Le 23 septembre 2009 - 396 mots

Un siècle et demi après sa mort, la carrière du peintre anglais William Turner (1775-1851) soulève toujours de nombreuses interrogations.

Cet homme aux origines modestes, au caractère renfermé et peu engageant, est aujourd’hui considéré comme un audacieux précurseur de l’impressionnisme et de l’art abstrait, tant certaines de ses « œuvres inachevées » évoquent irrésistiblement des toiles de Monet ou de Rothko. Le jeune peintre eut pourtant un début de parcours totalement conformiste. Accueilli au sein de la prestigieuse et très conservatrice Royal Academy dès l’âge de vingt-sept ans, il y enseignera la perspective durant plus de vingt ans, tout en poursuivant une brillante carrière qui lui apportera richesse et célébrité. L’exposition « Turner et les maîtres » à la Tate Gallery permet d’appréhender les relations complexes qu’entretenait l’artiste avec ses pairs des siècles passés.

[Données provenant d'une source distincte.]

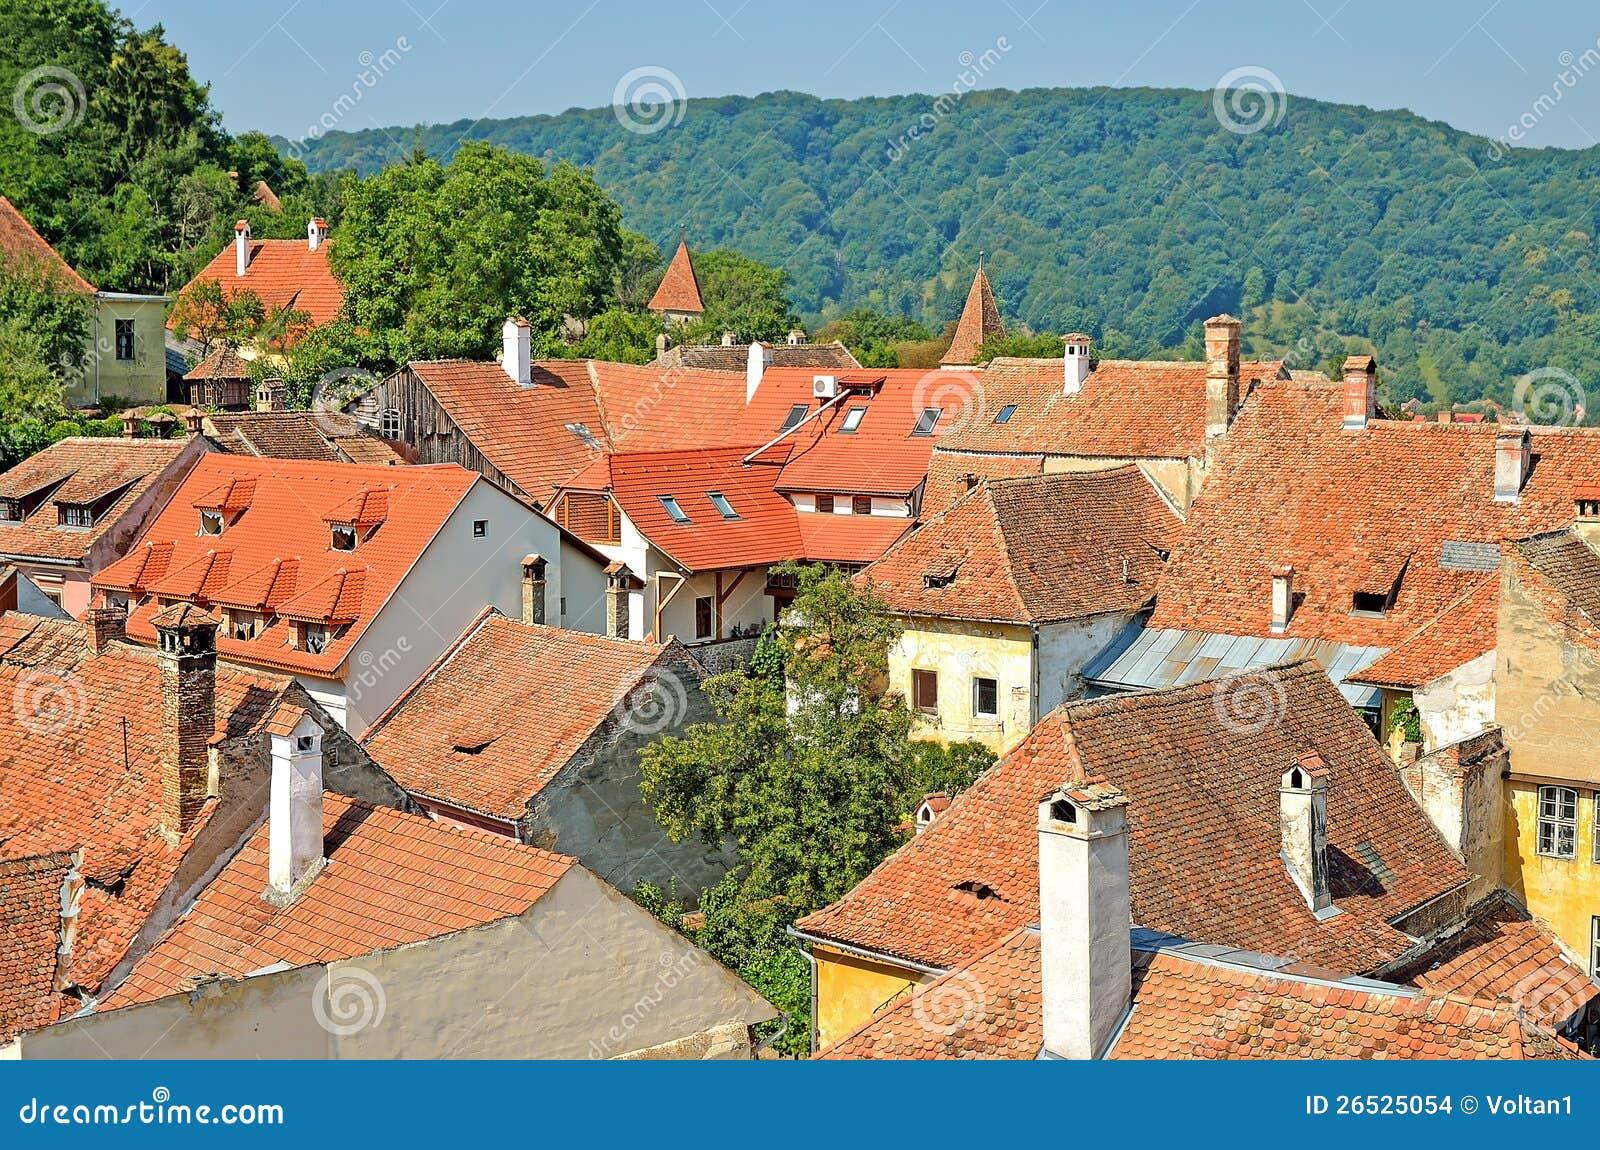 Sighisoara, Transylvania, Romania Stock Images - Image: 26525054
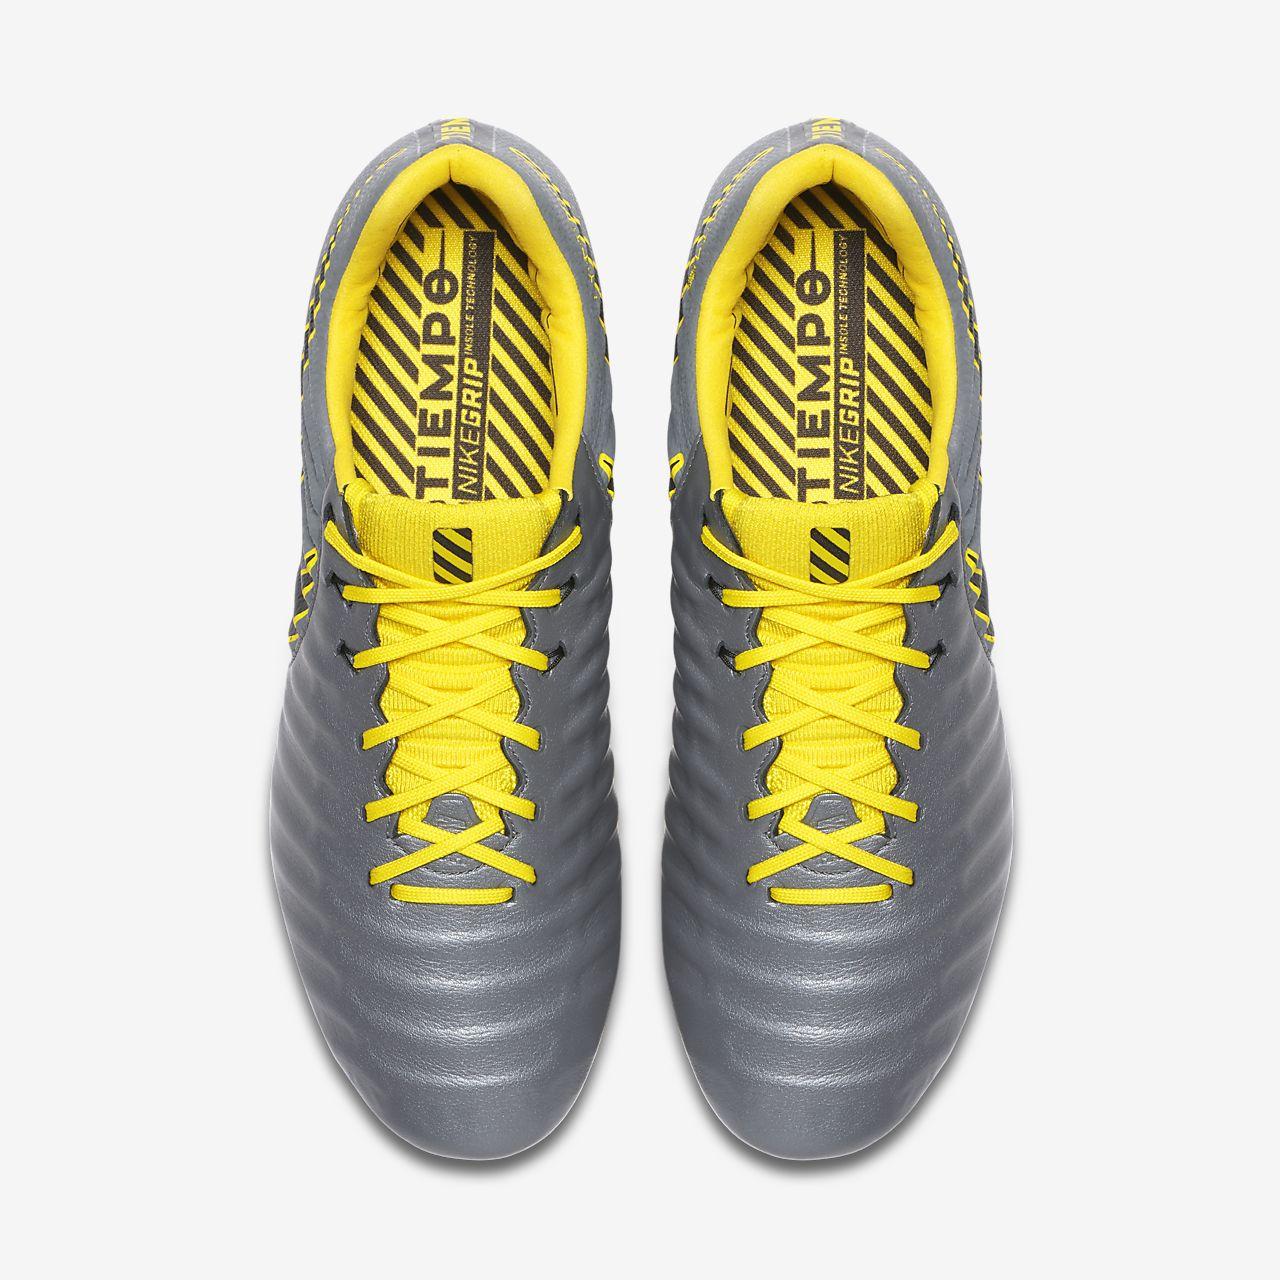 À Pour Gras Nike Chaussure Football Crampons De Terrain Tiempo 7f6IYbyvmg

Contemplant pour la première fois L’Embarquement de la reine de Saba de Claude Lorrain, le jeune Turner fondit en larmes, bouleversé par la crainte de ne pouvoir « jamais rien peindre d’égal à cela ». Cinquante ans plus tard, parvenu au faîte de la reconnaissance, il léguait à la National Gallery tout son fonds d’atelier, à la condition non négociable que deux de ses toiles : Didon construisant Carthage et Lever de soleil dans la brume soient accrochés aux côtés de deux tableaux de Claude Lorrain : L’Embarquement de la reine de Saba et Le Mariage d’Isaac et de Rébecca ! Pensait-il avoir égalé sinon surpassé l’un de ceux qui l’avaient le plus fortement impressionné ? La confrontation entre son Paysage : femme avec un tambourin daté de 1845, et le Paysage avec l’arche de Titus du Lorrain réalisé deux siècles auparavant est éloquente. Le Français a peint son paysage à contre-jour, seul le ciel est violemment éclairé par le soleil couchant. Turner reprend à peu près la même disposition des éléments du paysage, mais il inonde sa toile d’une luminosité forte et diffuse qui absorbe les contours des arbres et des collines. Jamais il n’a craint de se confronter avec les grands classiques qu’il admirait : Rembrandt, Van de Velde le Jeune, Poussin, Canaletto, ou avec son contemporain John Constable. Avec une constante : tendre vers toujours plus d’abstraction, lier en une même énergie le mystère de la couleur et celui de la lumière.

Turner and the Masters, Tate Britain, Linbury Galleries Millbank, SW1 Londres (Grande-Bretagne), www.tate.org.uk/britain, jusqu’au 31 janvier 2010.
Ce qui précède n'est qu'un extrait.